Wednesday, June 07, 2006

Beyond Regions

Recent hot terms for igniting economic development include "entrepeneurship", "knowledge management", "knowledge economy", and "regional innovation economies". Kenichi Ohmae hypothesized, in his book The End of the Nation-State, that regions would supplant states as the primary geographic unit of the global economy. To the extent that regions cross established national borders (see European Union), we are witnessing a novel development and an economic opportunity. But regional economies within nation states are old news and do not offer a robust model for economic development.

However, intranational regions could integrate globally in order to jumpstart the local economy. Why do you need a regional identity to accomplish this?

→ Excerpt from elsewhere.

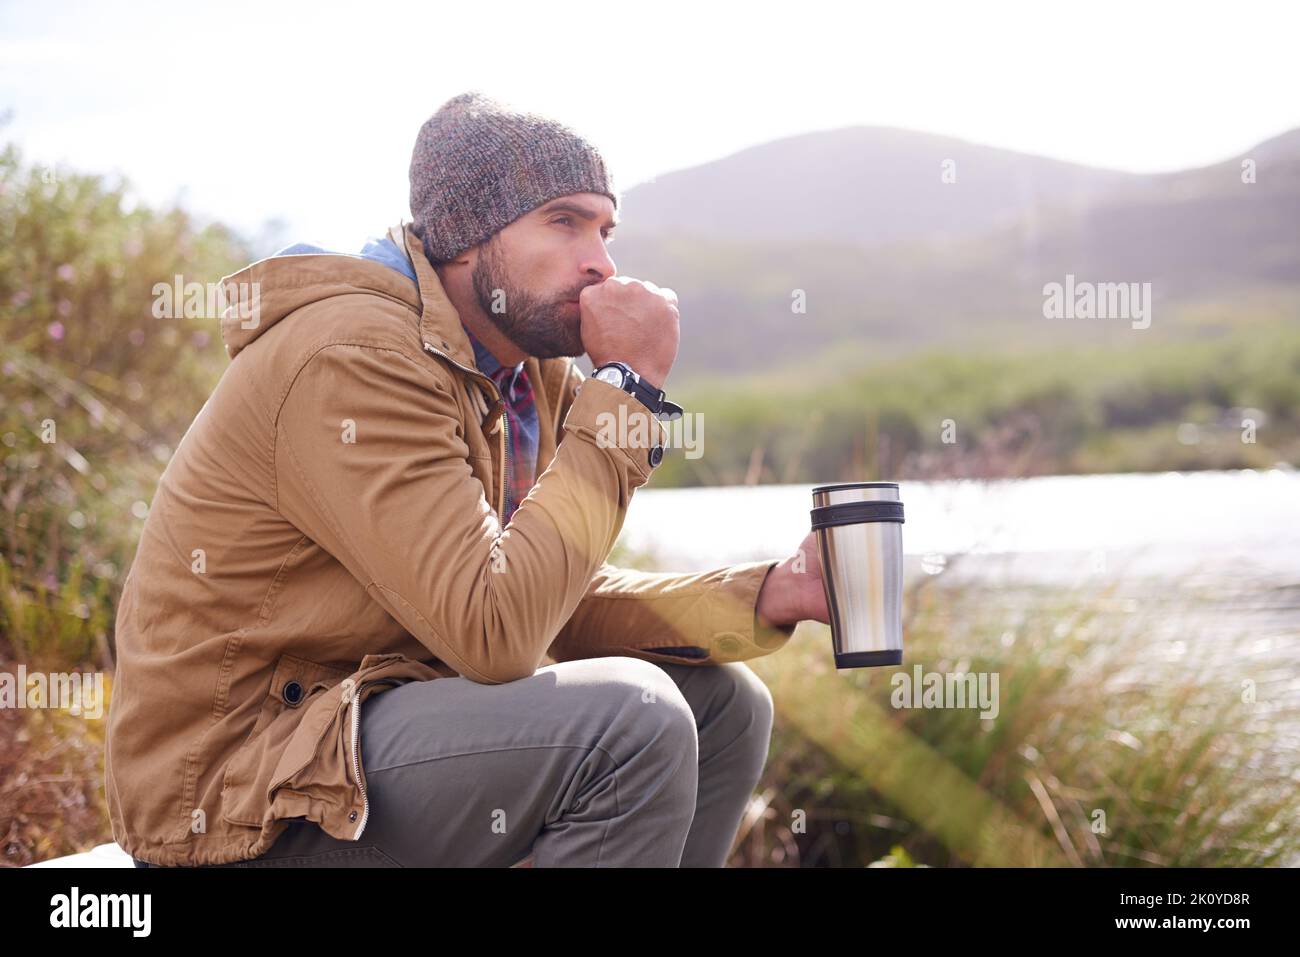 Genießen Sie einen knackigen Morgen am See. Ein hübscher Mann, der mit einer Thermoskanne an einem See sitzt. Stockfoto
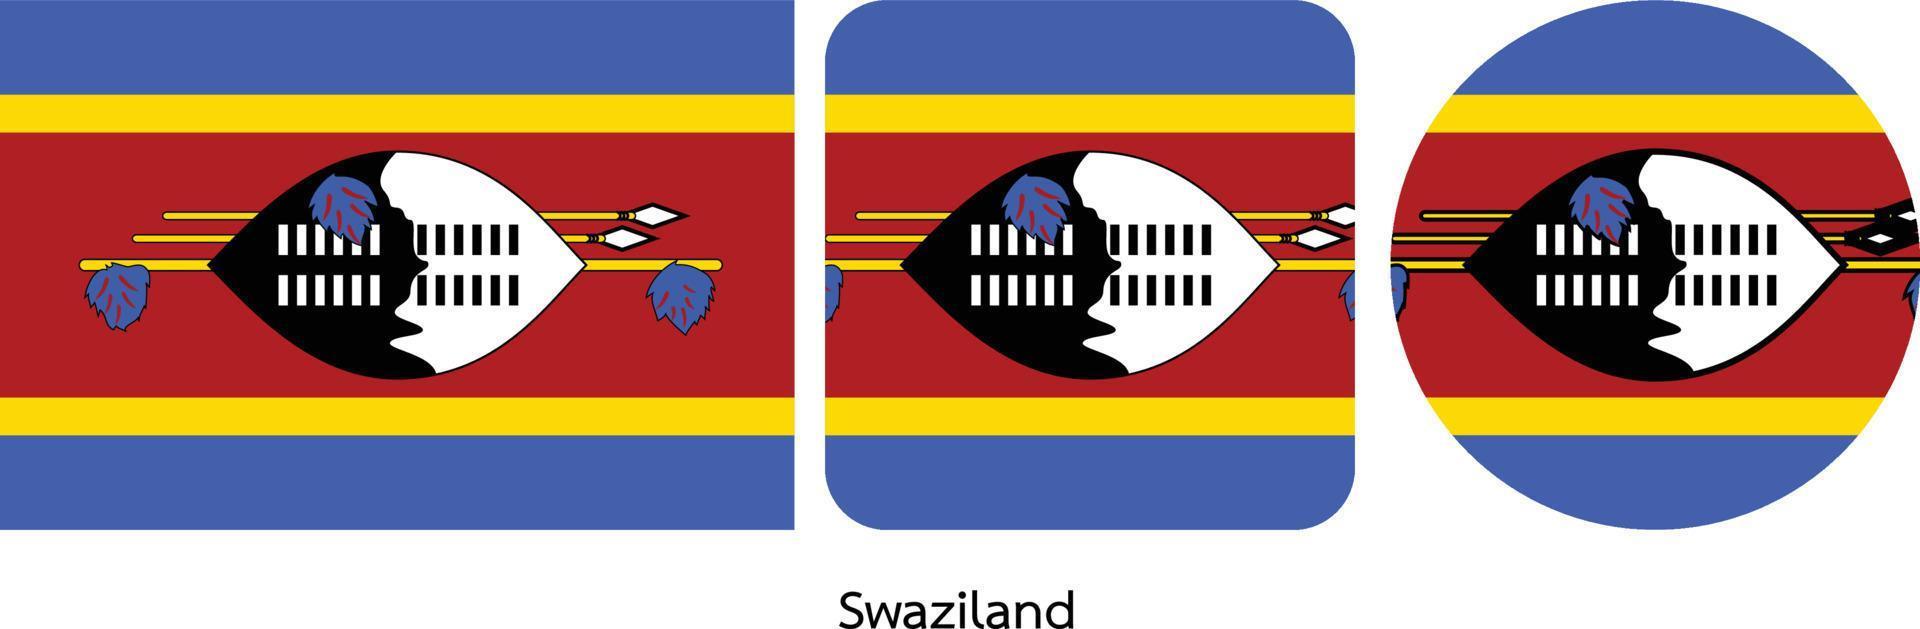 bandera de swazilandia, ilustración vectorial vector

Another model for a regional innovation economy would be the return of the city-state. The process of economic globalizaiton could be understood as the intensification of the networks between global cities. The scale of the nation-state is diminished, removing the mediation between the city and the world.

Missing from this discussion is the increasing mobility of labor, domestically and internationally. Increasingly, where you are is less important than who you are. In other words, the economic utility of the region is in the decline.

The goal shouldn't be to network a region, but to network a people who share a common identity. That common identity could be a shared cause. Or, it could be a regional identity carried with people wherever they can find work.

The primary barrier to developing this relatively ageographical network is the socialization to non face-to-face interactions. MySpace is a good example of a demographic socializing in a new medium. So are Blogger and the various sports fansites. The trick is turning these social networks into economic networks, fostering an explosion of

Pittsburgh could be a center for this emerging economy.